- Directed by: Kodi Ramakrishna
- Written by: M. G. Rama Rao (dialogues)
- Produced by: D. Sudhakar Raju Edida Raja
- Starring: Mammootty Meena Harish Kumar Roja
- Cinematography: Kodi Lakshman
- Music by: Sirpy
- Production company: Sri Lakshmi Sai Art Creations
- Release date: 30 March 2001;
- Country: India
- Language: Telugu

= Railway Coolie =

Indian action crime film

Railway Coolie is a 2001 Indian Telugu-language action crime film directed by Kodi Ramakrishna and starring Mammootty, Meena, Harish Kumar and Roja. The film is a remake of the 1975 Hindi film Deewaar.

== Production ==
The third schedule of the film took place at the end of April 1993 in Visakhapatnam.

== Soundtrack ==
The music was composed by Sirpy. The lyrics were written by Sirivennela Seetharama Sastry and Jonnavittula Ramalingeswara Rao.

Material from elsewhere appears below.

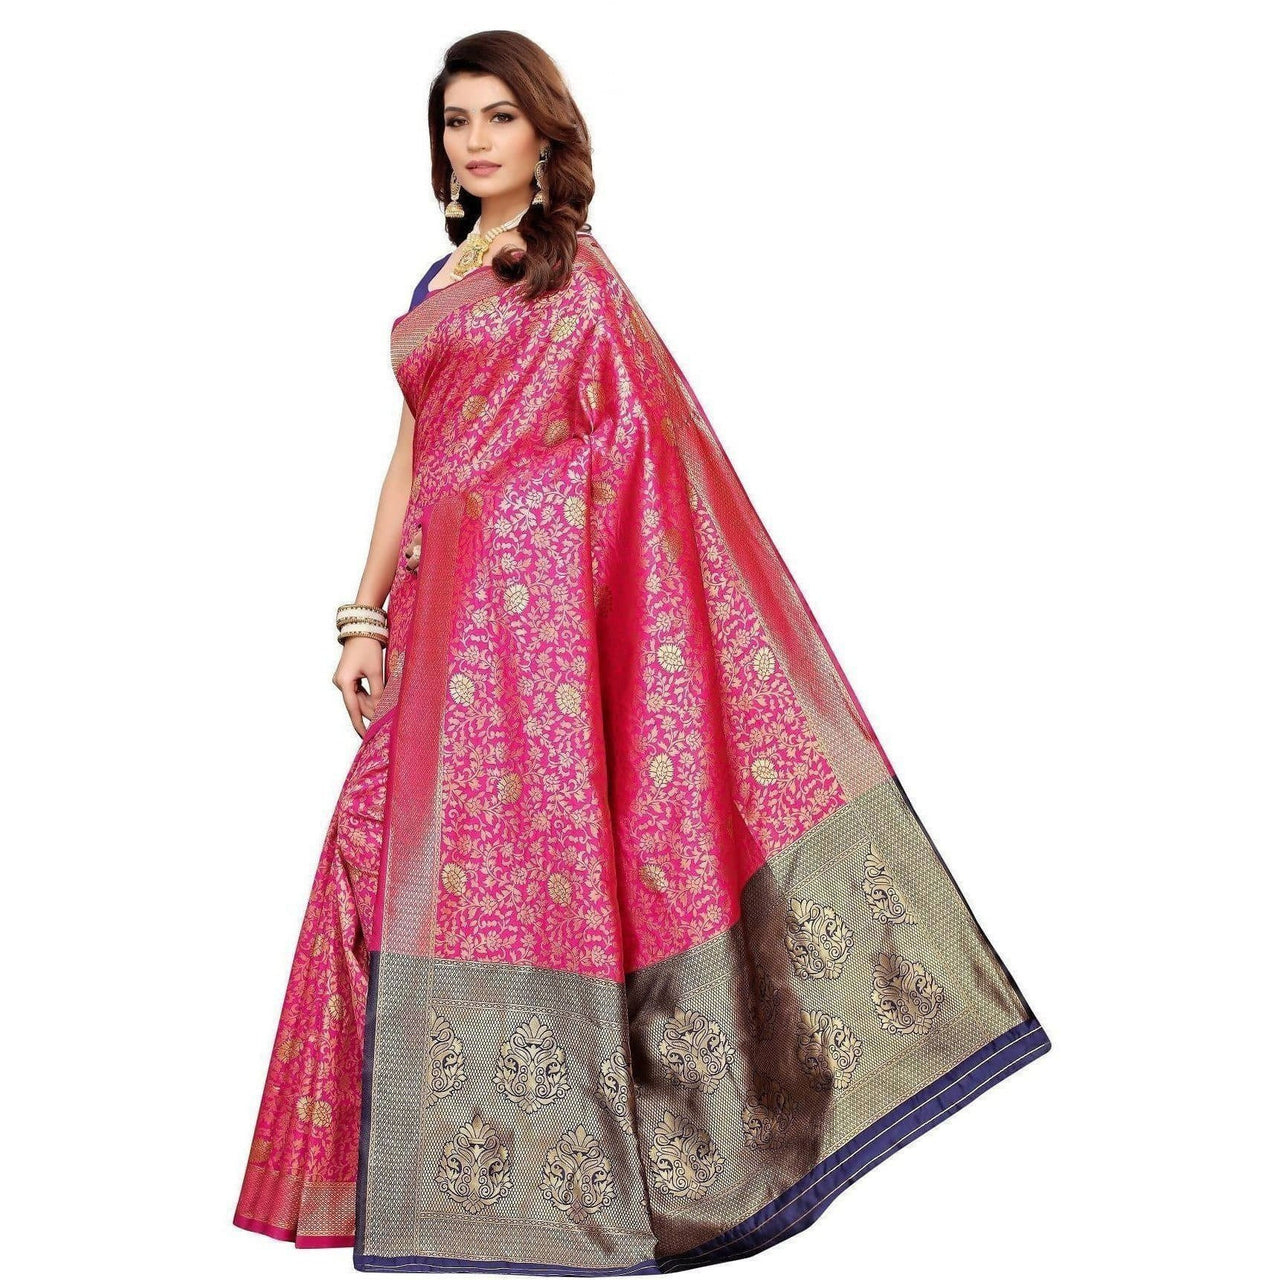 Vamika Banarasi Jaquard Pink Weaving Saree (BANARASI 01)

- Tamil (dubbed) tracklisting

| No. | Title | Singer(s) | Length |
|---|---|---|---|
| 1. | "Enge En Pondadi" | G. Venugopal | 4:27 |
| 2. | "Jigu Jigu Railu" | Mano | 4:55 |
| 3. | "Kala Kala" | Krishnaraj | 4:05 |
| Total length: |  |  | 13:27 |

== Release and reception ==
The film was released after an eight year delay in 2001.

A critic from Full Hyderabad wrote, "The stupid drama rolls on and on in the most insipid way. There is not one incident or event in the film that is worth mentioning".